As noted elsewhere, the layout of the spreadsheet does not lend itself to a quick/simple solution, but it IS possible to break down the data to compile a non-script answer. Though it may "seem" as though the following formula are less than "simple, when taken one-at-a-time they are logical, very easy to create, and very easy to verify successful outcomes.
Note: It is important to know at the outset that the first row of data = row#3, and the last row of data = row#31916.
Step#1 - get Text values from ColumnA
Enter this formula in Cell J3, and copy to row 31916
=if(isdate(A3),"",A3):
evaluates Column A, if the content is a date, returns blank, otherwise, returns the context
Taking Customer "AJ" as an example, the content at this point includes:
AJ
10% BuildingDiscount
10% BuildingDiscount Total:
Northwestern 10%
Northwestern 10% Total:
AJ Total:
Step#2 - ignore the values that contain "10%" (this removes both headings and sub-subtotals
Enter this formula in Cell K3 and copy to row 31916
=iferror(if(search("10%",J3)>0,"",J3),J3): searches for "10%" in Column J. Returns all values except those that containing "10%".
Taking Customer "AJ" as an example, the content at this point includes:
AJ
AJ Total:
**Step#3 - ignore the values that contain the word "Total"
Enter this formula in Cell L3 and copy to row 31916.
=iferror(if(search("total",K3)>0,"",K3),K3)
Taking Customer "AJ" as an example, the content at this point includes:
AJ
Results after Step#3
You might wonder, "couldn't this be done in a single formula?" and/or "an array formula would be more efficent". Both those thoughts are true, but we're looking at simple and easy, and a single formula is NOT simple (as shown below); and given that, an array formula is out-of-the-question unless/until an expert can wave a magic wand over the data.
FWIW - Combining Steps#1, 2 & 3
each of the Steps#1, 2 and 3 build on each other.
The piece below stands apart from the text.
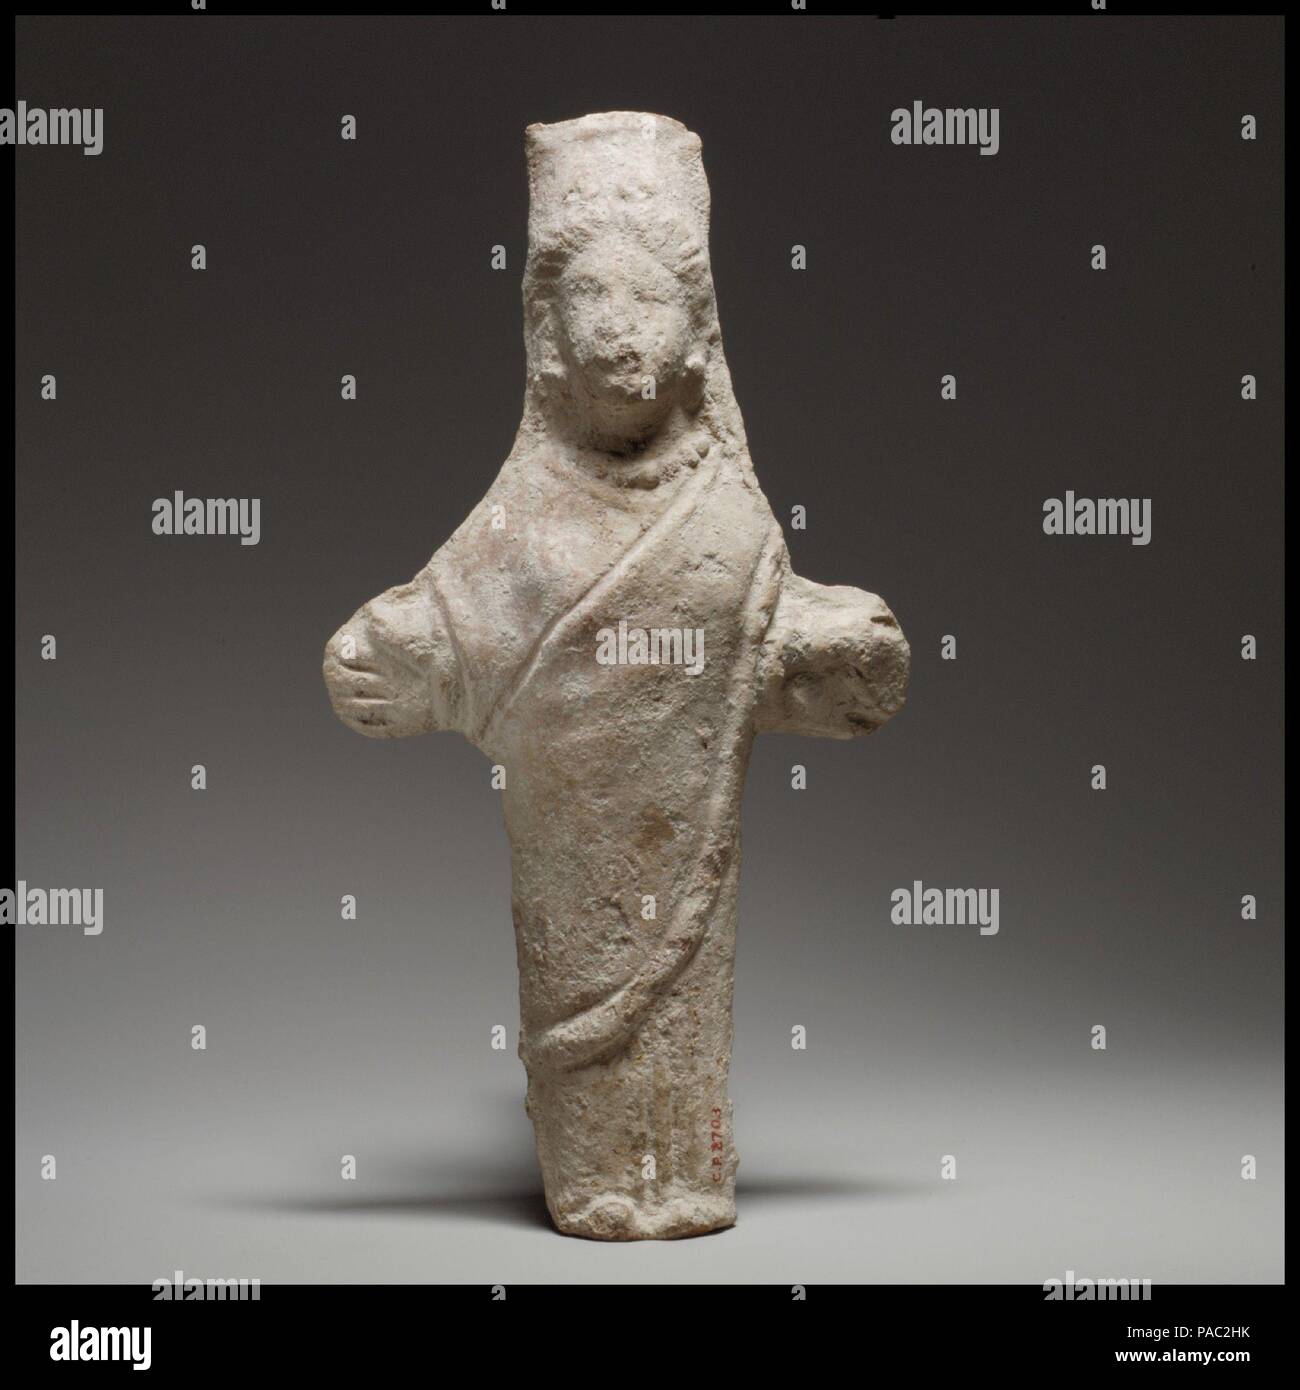 Standing female figurine (cruciform). Culture: Cypriot. Dimensions: H. 9 1/8 in. (23.2 cm). Date: 4th century B.C.(?).  The solid head and body are mold-made, the arms handmade. The back is handmade, flat, and pared. The crude, cruciform figure is in a frontal pose, the feet close together. Museum: Metropolitan Museum of Art, New York, USA. Stock Photo

So it is possible to create a single formula that combines these steps.
enter this formula in Cell J3, and copy dow to row #31916.
=iferror(if(search("total",iferror(if(search("10%",if(isdate(A3),"",A3))>0,"",if(isdate(A3),"",A3)),if(isdate(A3),"",A3)))>0,"",iferror(if(search("10%",if(isdate(A3),"",A3))>0,"",if(isdate(A3),"",A3)),if(isdate(A3),"",A3))),iferror(if(search("10%",if(isdate(A3),"",A3))>0,"",if(isdate(A3),"",A3)),if(isdate(A3),"",A3)))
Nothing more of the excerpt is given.